Nicholas Delbanco’s first novel,
The Martlet’s Tale,
was published two years later, to enthusiastic reviews. The author’s photograph was taken by Peter Simon, and the novel was dedicated to his sister, Carly.

S
WINGING
L
ONDON

S
ummer 1965. The Rolling Stones’ pop art masterpiece “Satisfaction” (whose main riff is an inversion of “Dancing in the Street”) is the number one song in America. The Simon Sisters have some possible gigs in England, so Carly leaves for London to follow a charming British shoe salesman with whom she’s been infatuated in New York. Things don’t work out with the shoe guy, so instead she falls, quite madly, in love with the Simon Sisters’ potential English booking agent, the notorious London rake Willie Donaldson.

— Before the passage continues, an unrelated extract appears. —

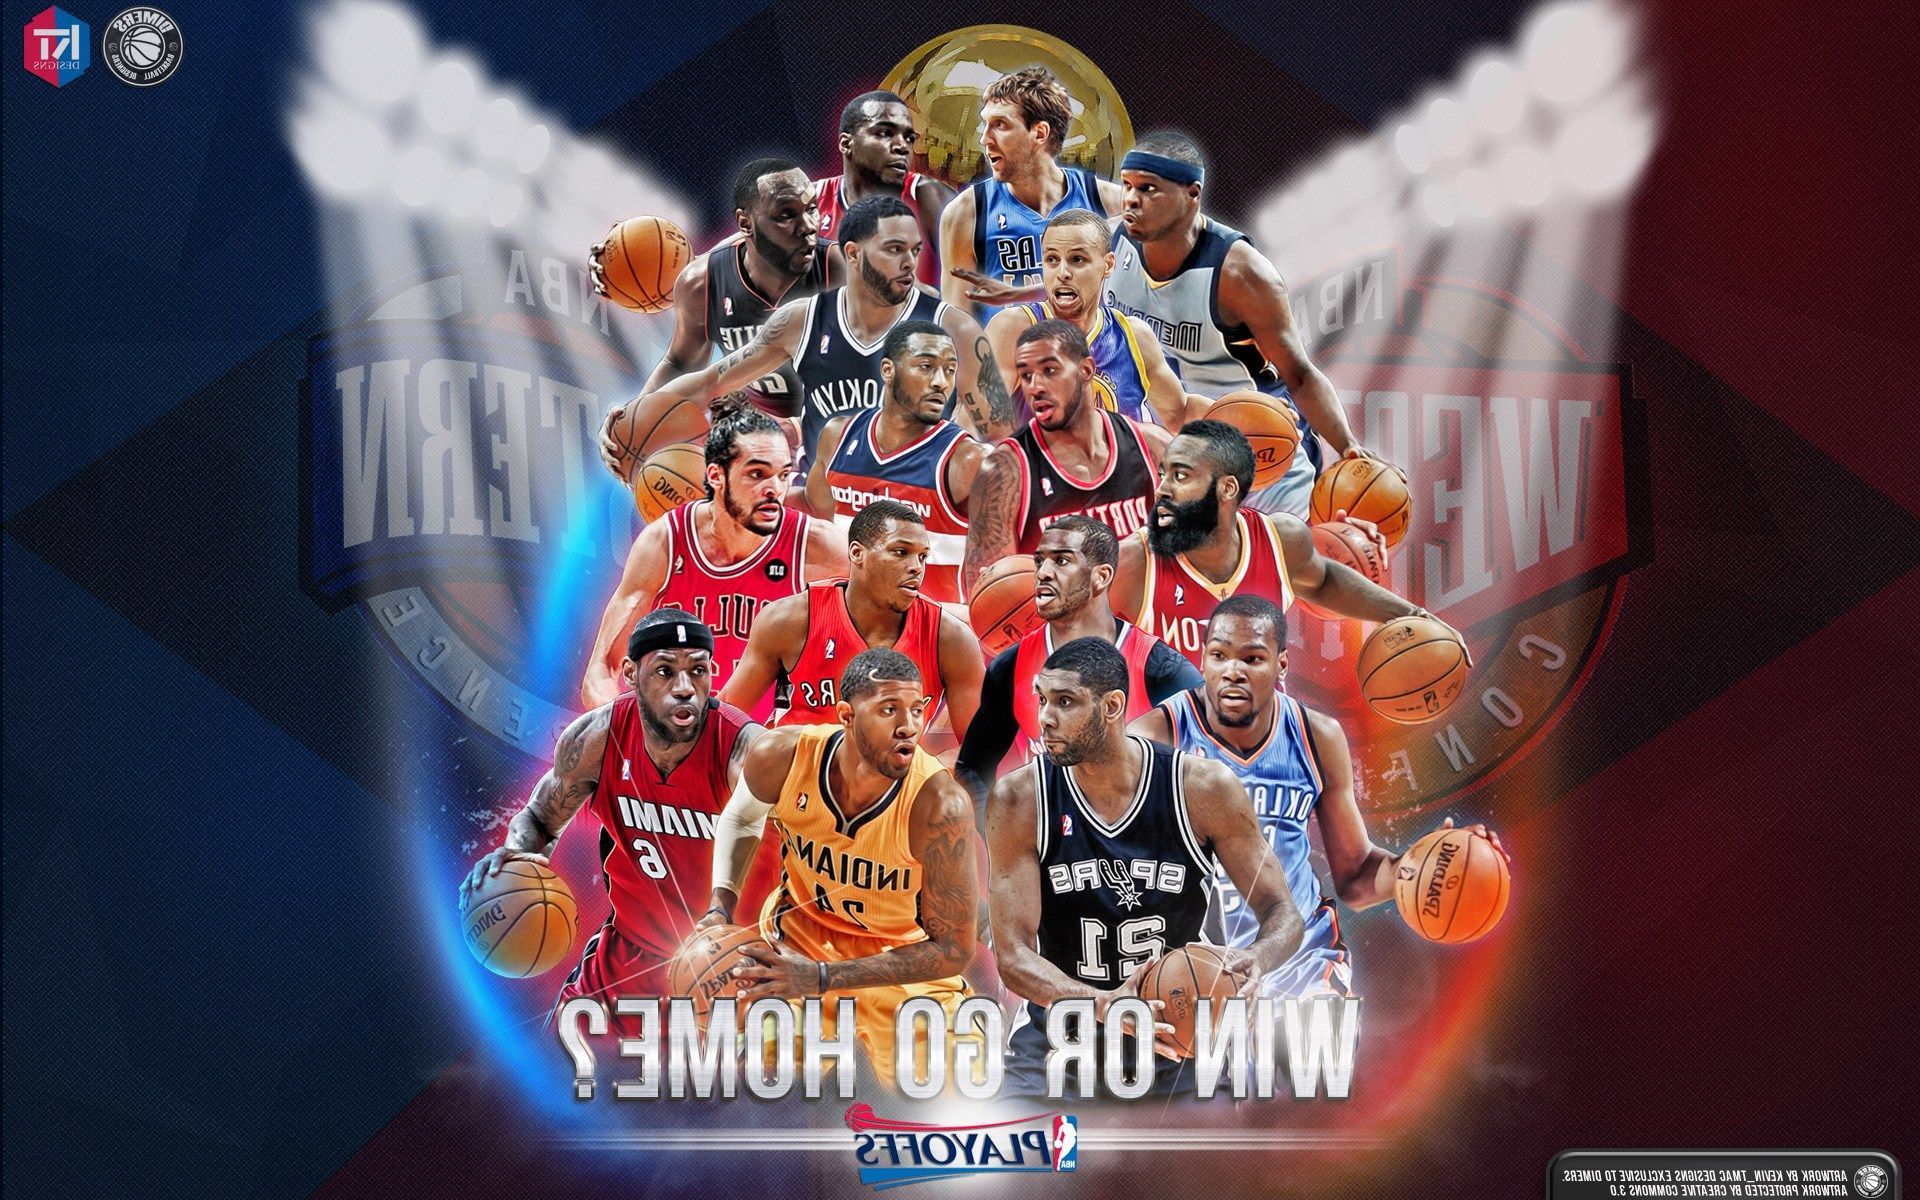 NBA Legends Wallpaper Free NBA Legends Background
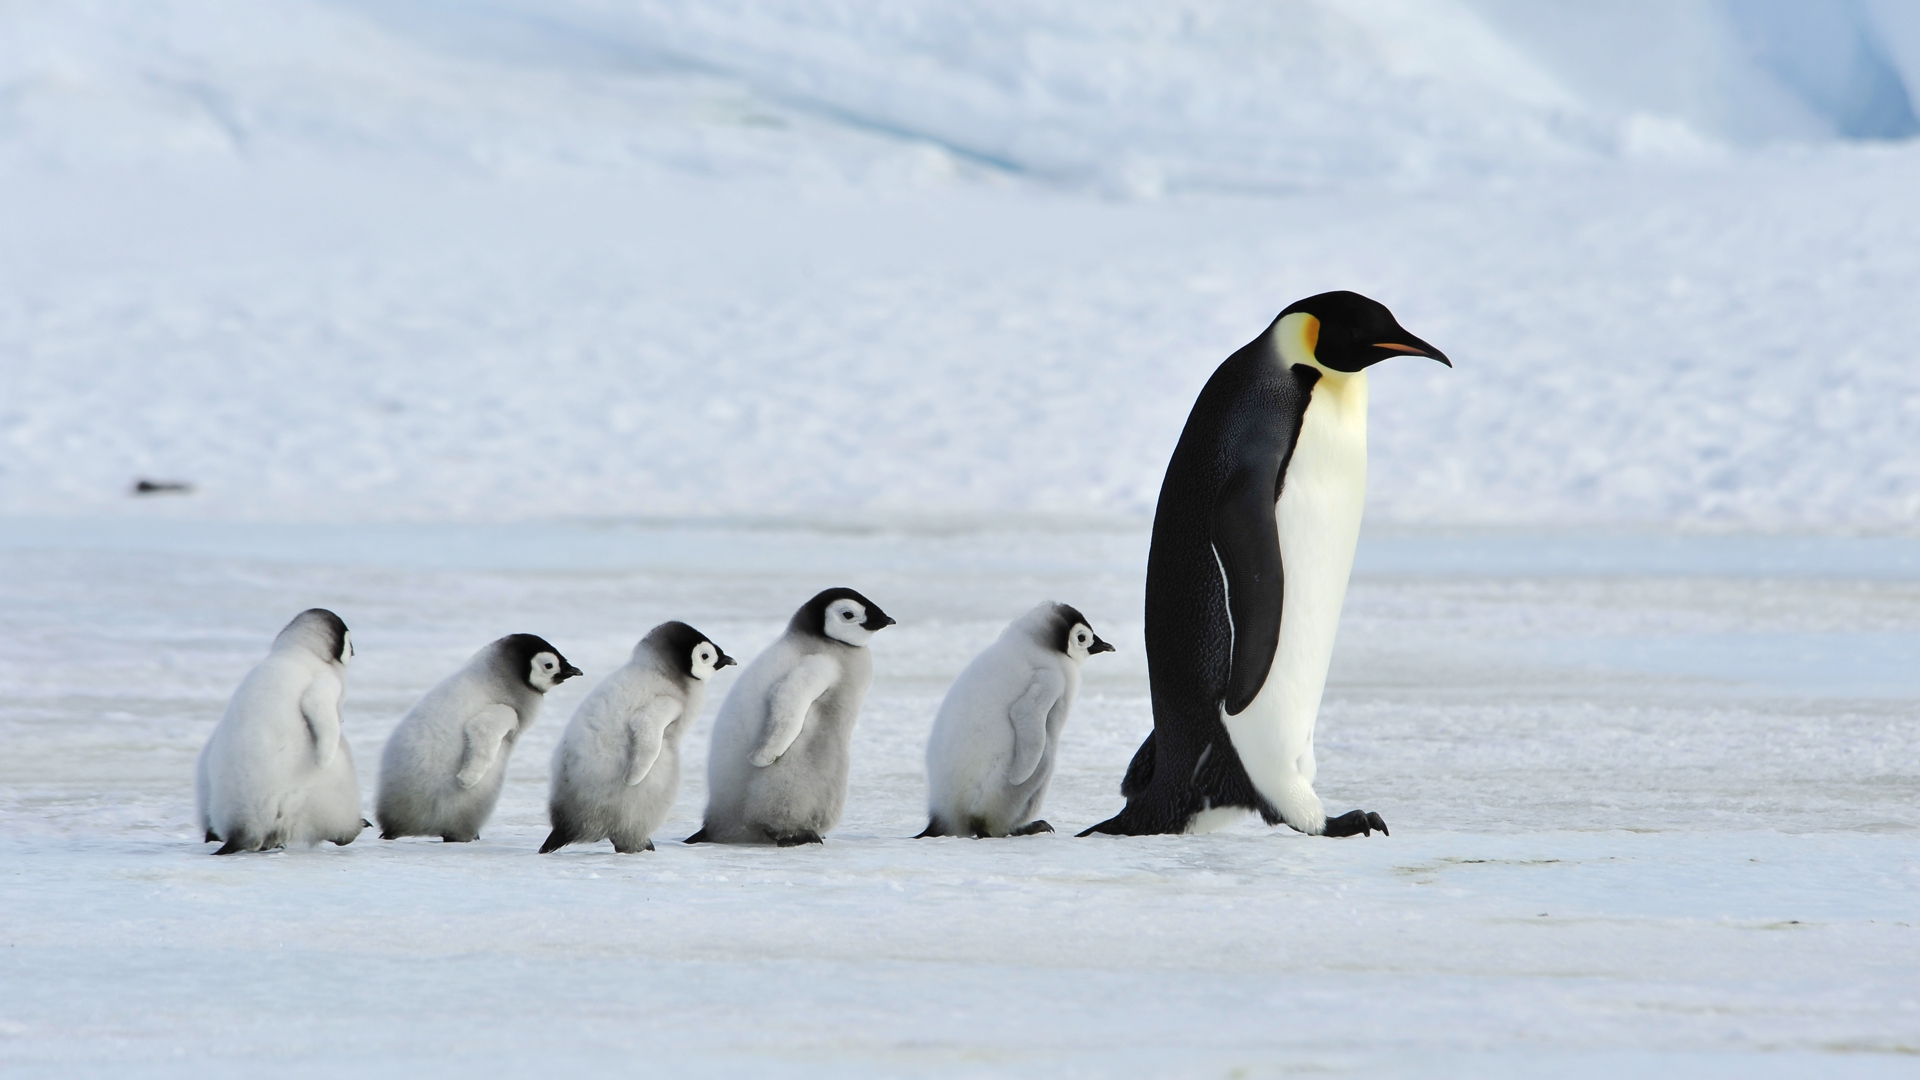 氣候危機令海冰融化南極皇帝企鵝「冇掟企」或成易危物種- Greenpeace 綠色和平| 香港

Willie was thirty but looked forty with his thinning hair and baggy suits. He was a popular, semisuccessful figure in London’s entertainment world, centered in Soho. He’d gone to a good public school, then to Cambridge, and then gravitated to the theater; he’d been one of the producers of the brilliant review
Beyond the Fringe,
which had launched the careers of Dudley Moore, Jonathan Miller, and Alan Bennett in London’s West End before migrating to a long run in New York. Willie had also been involved in bringing Bob Dylan to England for the first time, in 1964 (and can be seen in
the background of the documentary
Don’t Look Back,
which documented Dylan’s 1965 UK tour). Willie was tall, blond, charming, and utterly hilarious. Long divorced, he was well-bred, but raffish and louche, unburdened by any great reputation for financial probity, and when he met Carly he was about to be dumped by his girlfriend, the actress Sarah Miles, who specialized in slatternly roles in noir British films such as
The Servant
. But Willie Donaldson’s most recent productions had flopped in London, and when Carly came into his life he was on something of a downward spiral. Anyone who knew Willie would have told Carly to stay away, far away, but she fell for him.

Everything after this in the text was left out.